When I do my join I receive this:
ID Fname_old Lname_old ID2 Fname_new Lname_new
ABC John Smith 123 John Smith
ABC John Smith 123 Tom Smith
ABC John Smith 123 Kate Smith
I am trying to join them where it only returns the row that matches, and if it can't find a match I should still get the ID from the ID file and the data from table 2(old data) as this is the data that was sent to the new system.
ID1 ID2 Fname_old Lname_old Fname_new Lname_new
ABC 123 John Smith John Smith
ABC 123 Tom Smith Tom Smith
ABC 123 Kate Smith Kate Smith
DEF 456 Jason Thomas Jason Thomas
DEF 456 Ruby Thomas Ruby Thomas
DEF 456 Alex Johnson
The code I am using is:
Select a.ID1, a.ID2, b.fname as fname_old, b.lnam as lname_old,
c.fname as fname_new, c.lname as lname_new
from table1 a
left join table2 b
on a.ID1 = b.ID
left join table3 c
on a.ID2 = c.ID

If its just duplicate rows in your first table you could try distincting them in a derived table like below:
Select a.ID1, a.ID2, b.fname as fname_old, b.lnam as lname_old,
c.fname as fname_new, c.lname as lname_new
from (SELECT DISTINCT ID1, ID2 FROM table1) a
left join table2 b
on a.ID1 = b.ID
left join table3 c
on a.ID2 = c.ID

You are joining them on ID columns.
ID columns are usually UNIQUE while you have multiple identical IDs and specify join on those IDs.
Since you need to compare data, i suggest you lookup MATCH and how it works as that seems to be closer to what you are looking for here.

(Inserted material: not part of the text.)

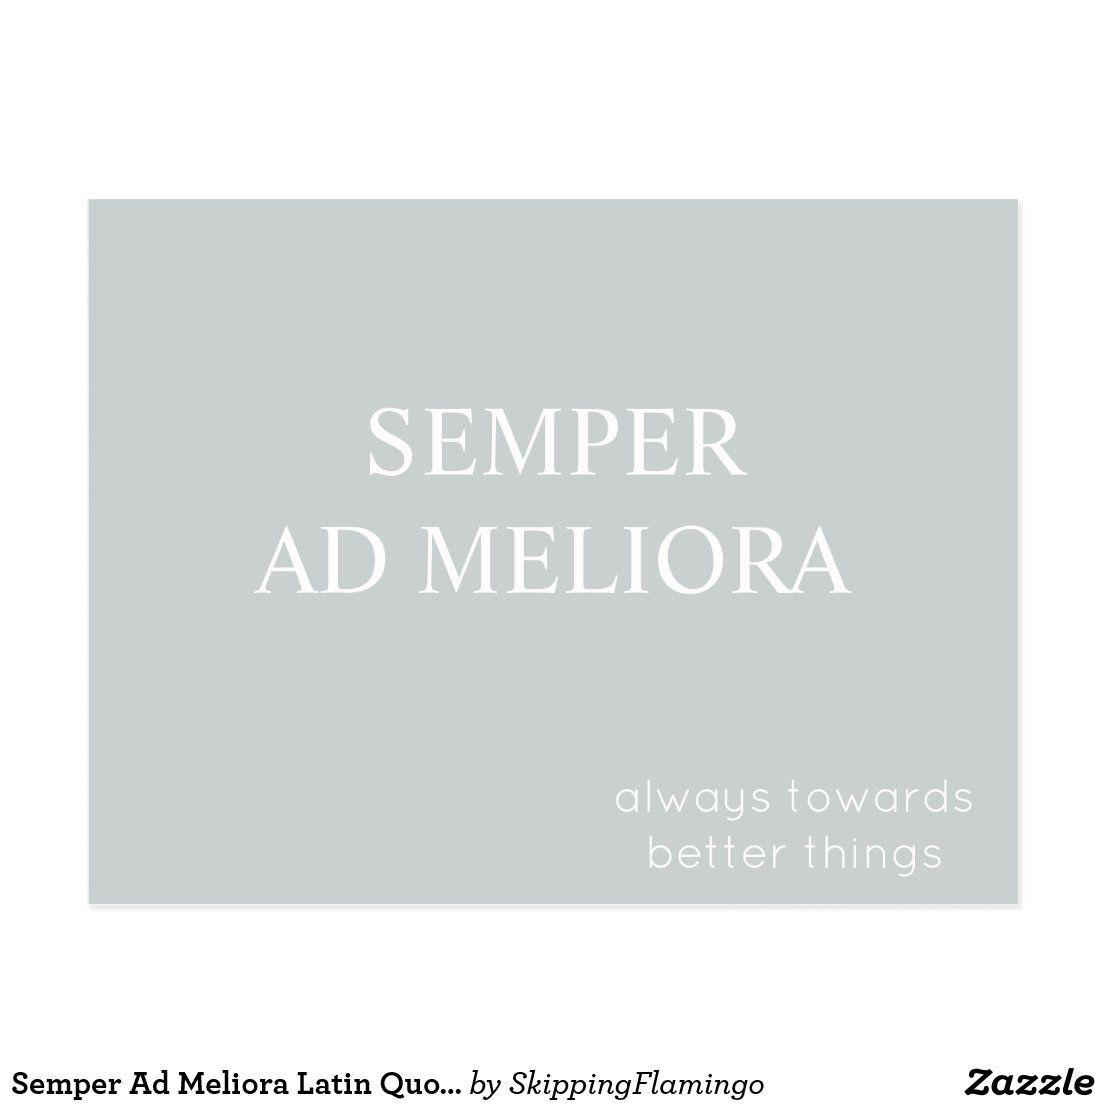 Semper Ad Meliora Latin Quote Gray Postcard | Zazzle.com

You can get a match using row_number():
Select a.ID1, a.ID2, b.fname as fname_old, b.lnam as lname_old,
c.fname as fname_new, c.lname as lname_new
from (select a.*,
row_number() over (partition by id order by id) as seqnum
from table1 a
) a left join
(select b.*,
row_number() over (partition by id order by id) as seqnum
from table2 b
) b
on a.ID1 = b.ID and a.seqnum = b.seqnum
(select c.*,
row_number() over (partition by id order by id) as seqnum
from table3 c
) c
on a.ID2 = c.ID and a.seqnum = c.seqnum;
Note: This does not preserve the "ordering" of the original values, so any rows can be matched with any other. Why? SQL tables represent unordered sets.
If there is an ordering in the tables, you can use that in the order by clauses to get a match consistent with the ordering.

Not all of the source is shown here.